10. The method according to claim 1, characterized in that the user rights possessed by the target secondary identity identifier are the same as the user rights possessed by the primary identity identifier.

11. A data processing device, comprising:

A first acquisition module, used for acquiring target biometric information when the primary identity identifier is in a valid state, wherein the target biometric information includes target voice data;

A recognition module is used to convert the target voice data into text data, semantically recognize the text data, and obtain the business intention; call the identity recognition model corresponding to the primary identity to determine the matching result between the target voice data and at least one template user identity; the identity recognition model is a classification model generated according to the at least one template user identity and the template voice data corresponding to the at least one template user identity; if there is a matching result that meets the matching condition in at least one matching result, the template user identity corresponding to the matching result that meets the matching condition is used as the target user identity, and a play animation instruction is sent to the client to instruct the client to play the target animation;

A second acquisition module is used to acquire a target secondary identity identifier corresponding to the target user identity; the target secondary identity identifier is a sub-identifier of the primary identity identifier;

The determination module is used to execute a business instruction corresponding to the business intention based on the target secondary identity identifier; when the business instruction is executed, a stop animation playing instruction is sent to the client to instruct the client to close the target animation.
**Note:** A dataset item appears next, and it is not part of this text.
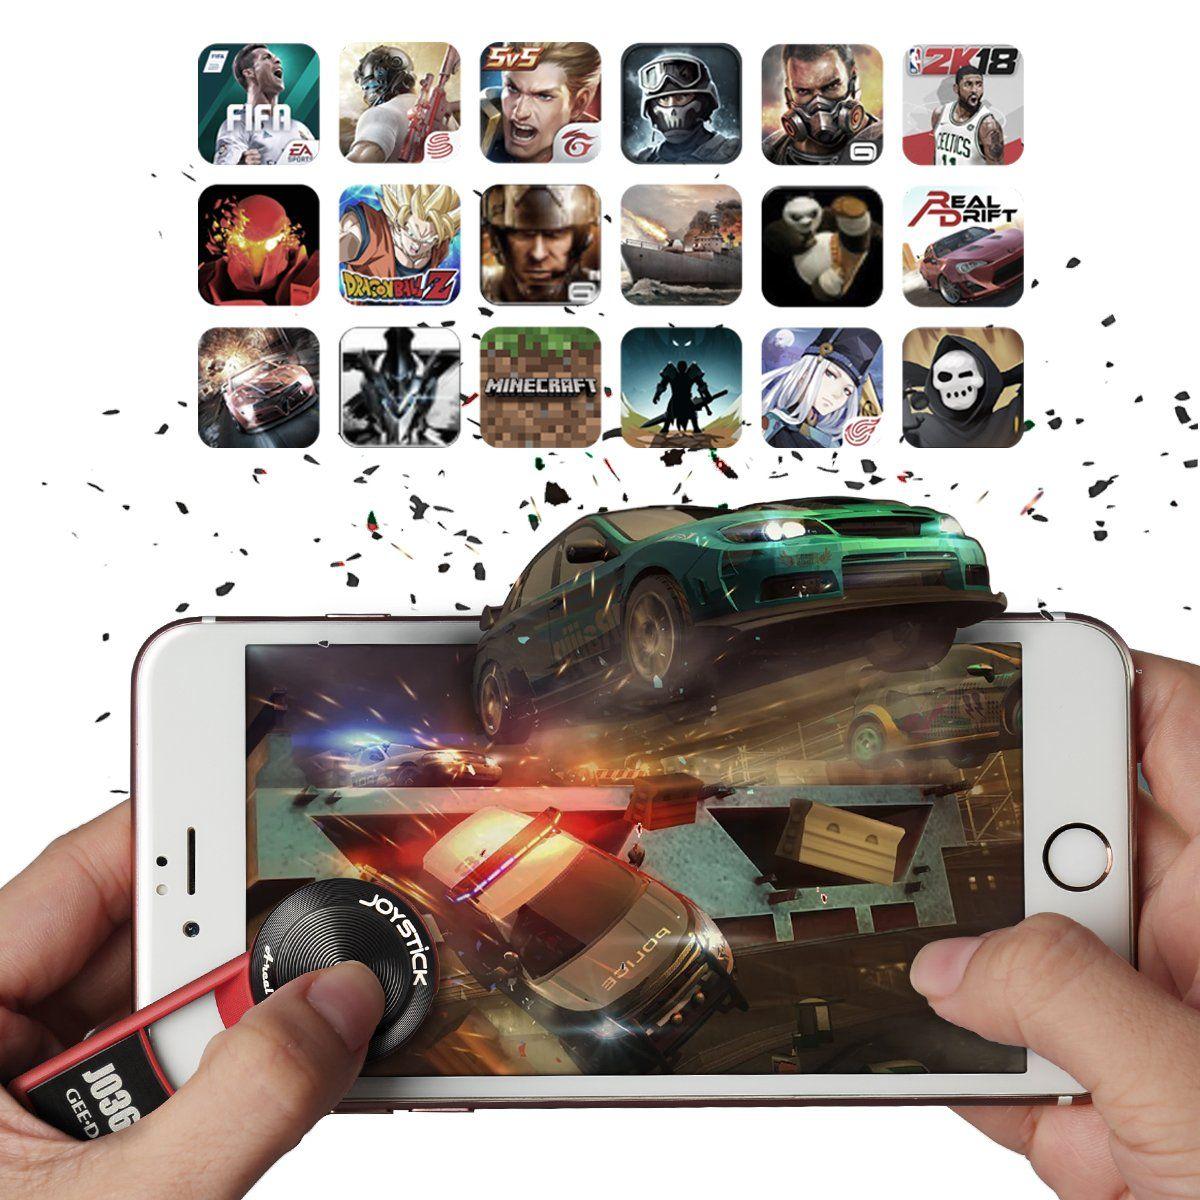 GEE•D J036 Mobile Phone Game Joystick Controller

12. An electronic device comprising a memory and a processor, wherein the memory stores a computer program, and when the computer program is executed by the processor, the processor executes the steps of the method according to any one of claims 1 to 10.

13. A computer storage medium, characterized in that the computer storage medium stores a computer program, wherein the computer program comprises program instructions, and when the program instructions are executed by a processor, the method according to any one of claims 1 to 10 is executed.